Height and weight were measured using a stadiometer and digital scale, respectively. Hip circumference was measured at the level of the trochanters. The BMI [weight (kg)/height (m2)] and BAI [hip (cm)/height (m1.5) - 18] were calculated. Fat mass (kg) and %fat were measured using a Hologic QDR4500 (n=1,549, 2001–2011) or QDR2000 scanner (n=2,302, 1992–2006); QDR2000 data were converted to QDR4500 output.5
Pearson correlations were computed among BAI, BMI, %fat, and fat mass within each sex-by-race group. A linear regression model was used to assess the relationship between %fat and BAI (or BMI), age, sex, and race. Interaction terms were entered into the model for sex*BAI (or BMI) and race*BAI (or BMI). BAI and BMI were standardized to zero mean and unit variance prior to analysis using SAS 9.2 (SAS Institute, Cary, NC). Level of significance was p<0.05, and statistical tests were 2-sided.
Results
The sample included 1,462 white women, 812 black women, 1,262 white men and 315 black men. The ages, BMI and %fat of the sample were (mean (SD) [range]) 41.0 y (13.4) [range 18–69], 29.4 kg/m2 (6.1)[range 17.2–57.7] and 32.0% (9.7) [range 7.8–55.9], respectively. The correlations with %fat across the 4 sex-by-race groups ranged from 0.75 to 0.82 for BAI and 0.80 to 0.83 for BMI, and the correlations with fat mass ranged from 0.77 to 0.86 for BAI and 0.90 to 0.96 for BMI (Table).
Table 1.
Mean (SD) | r* | |||||||
---|---|---|---|---|---|---|---|---|
BAI | BMI (kg/m2) |
%fat | Fat Mass (kg) |
%fat & BAI |
%fat & BMI |
Fat Mass & BAI |
Fat Mass & BMI |
|
Black Women (n=812) | 35.3 (6.3) | 31.6 (6.5) | 37.9 (6.0) | 32.8 (11.2) | 0.77 [0.74–0.80] | 0.80 [0.77–0.82] | 0.81 [0.79–0.84] | 0.94 [0.93–0.95] |
Black Men (n=315) | 26.0 (4.2) | 28.6 (4.7) | 21.5 (6.9) | 20.2 (9.2) | 0.76 [0.71–0.80] | 0.80 [0.76–0.84] | 0.77 [0.72–0.81] | 0.90 [0.88–0.92] |
White Women (n=1462) | 34.2 (6.9) | 29.2 (6.7) | 37.5 (7.3) | 30.3 (12.1) | 0.82 [0.80–0.83] | 0.83 [0.81–0.84] | 0.86 [0.85–0.88] | 0.96 [0.95–0.96] |
White Men (n=1262) | 26.3 (4.4) | 28.5 (5.1) | 24.5 (7.2) | 23.1 (10.3) | 0.75 [0.73–0.77] | 0.81 [0.79–0.83] | 0.77 [0.74–0.79] | 0.91 [0.90–0.92] |
Total (n=3851) | 31.1 (7.2) | 29.4 (6.1) | 32.0 (9.7) | 27.6 (11.9) | 0.85 [0.84–0.86] | 0.65 [0.64–0.67] | 0.83 [0.82–0.84] | 0.91 [0.90–0.92] |
all correlations statistically significant at p<0.001.

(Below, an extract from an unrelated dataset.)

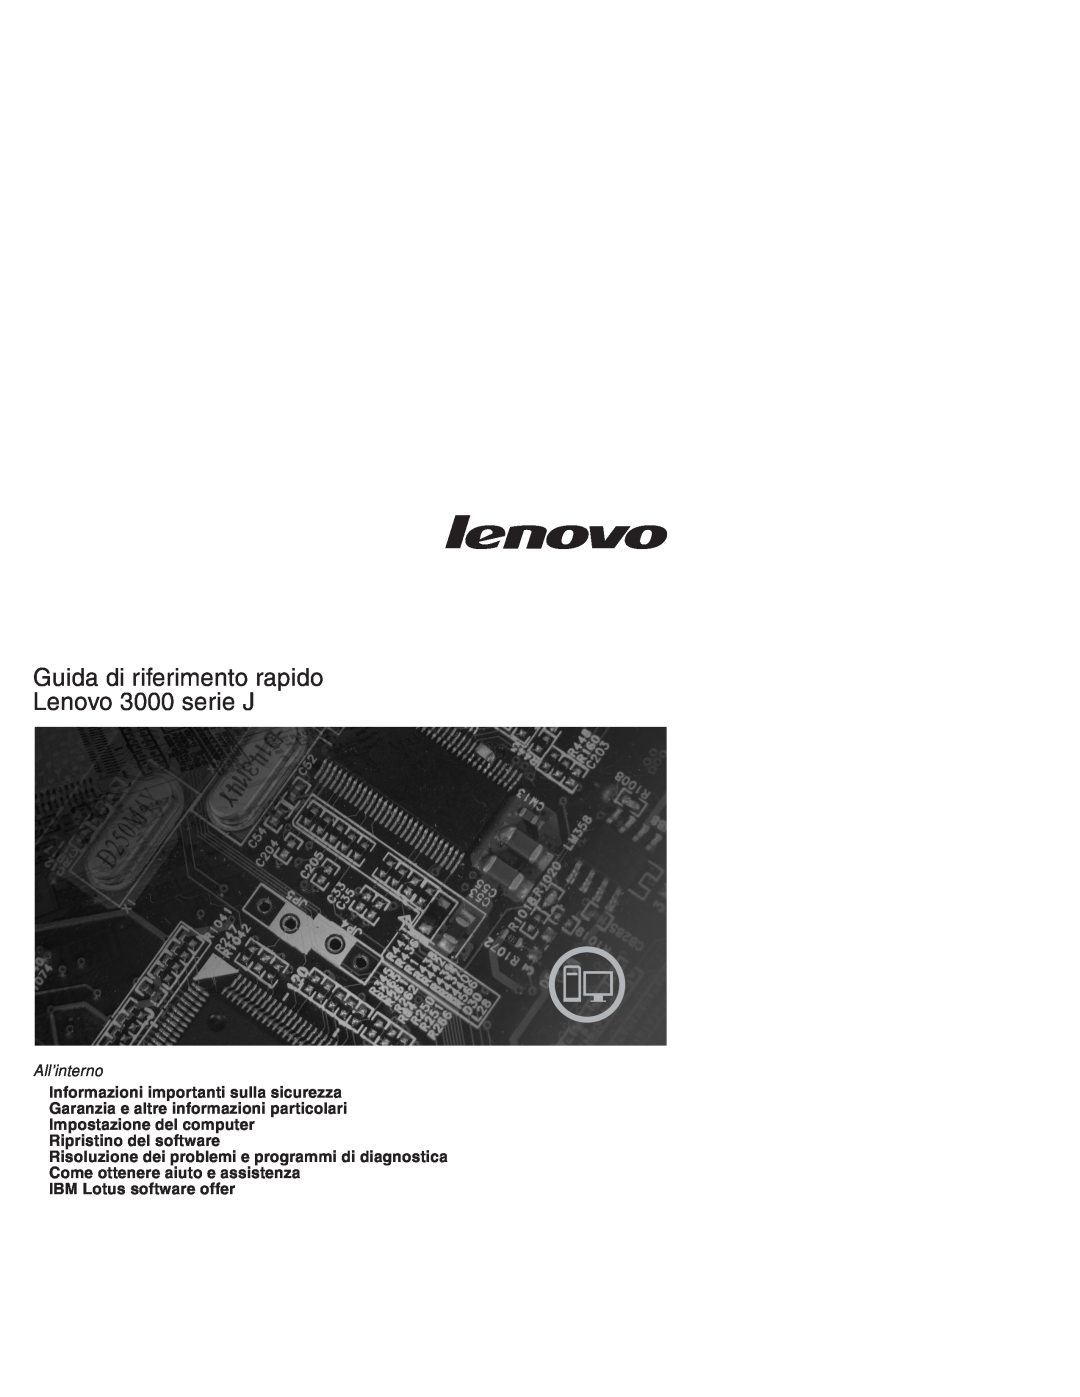 Lenovo 3000 SERIE J manual IBM Lotus software offer, Guida di riferimento rapido Lenovo 3000 serie J, All’interno

The regression model that included BAI explained 81.9% of the variance in %fat. The corresponding model for BMI explained 84.1%. Women had 5.2% and 12.2% more %fat than men (p<0.001) at the mean BAI and BMI, respectively, while whites had 0.7% and 1.6% more %fat than blacks (p<0.001) at the mean BAI and BMI, respectively. The race interaction term was not significant for BAI (p=0.19) but it was for BMI (p<0.001); however, both sex interaction terms were significant, indicating that the associations between BAI and BMI with %fat differed by sex, and by race for BMI (Figure).
Comment
BMI and BAI perform similarly in predicting body fat. In each sex-by-race group, the correlations with %fat and fat mass were similar for BMI and BAI. Moreover, the regression models including BAI or BMI explained a similar percentage of the variance in %fat. The sex and race differences in the relationship between both BAI and BMI with %fat make interpreting these measures in different population groups difficult. Our results are based on a sample of volunteers enrolled in clinical studies, and the representativeness of the results is not known. Neither BMI nor BAI measure obesity complications directly, and further research is required to determine the clinical significance of these measures.
Acknowledgments
Funding/Support: This research was supported by the Pennington Biomedical Research Center. PK is supported, in part, by the Louisiana Public Facilities Authority Endowed Chair in Nutrition. This work was partially supported by an NORC Center grant #2P30-DK072476-06 entitled “Nutritional Programming: Environmental and Molecular Interactions” sponsored by NIDDK.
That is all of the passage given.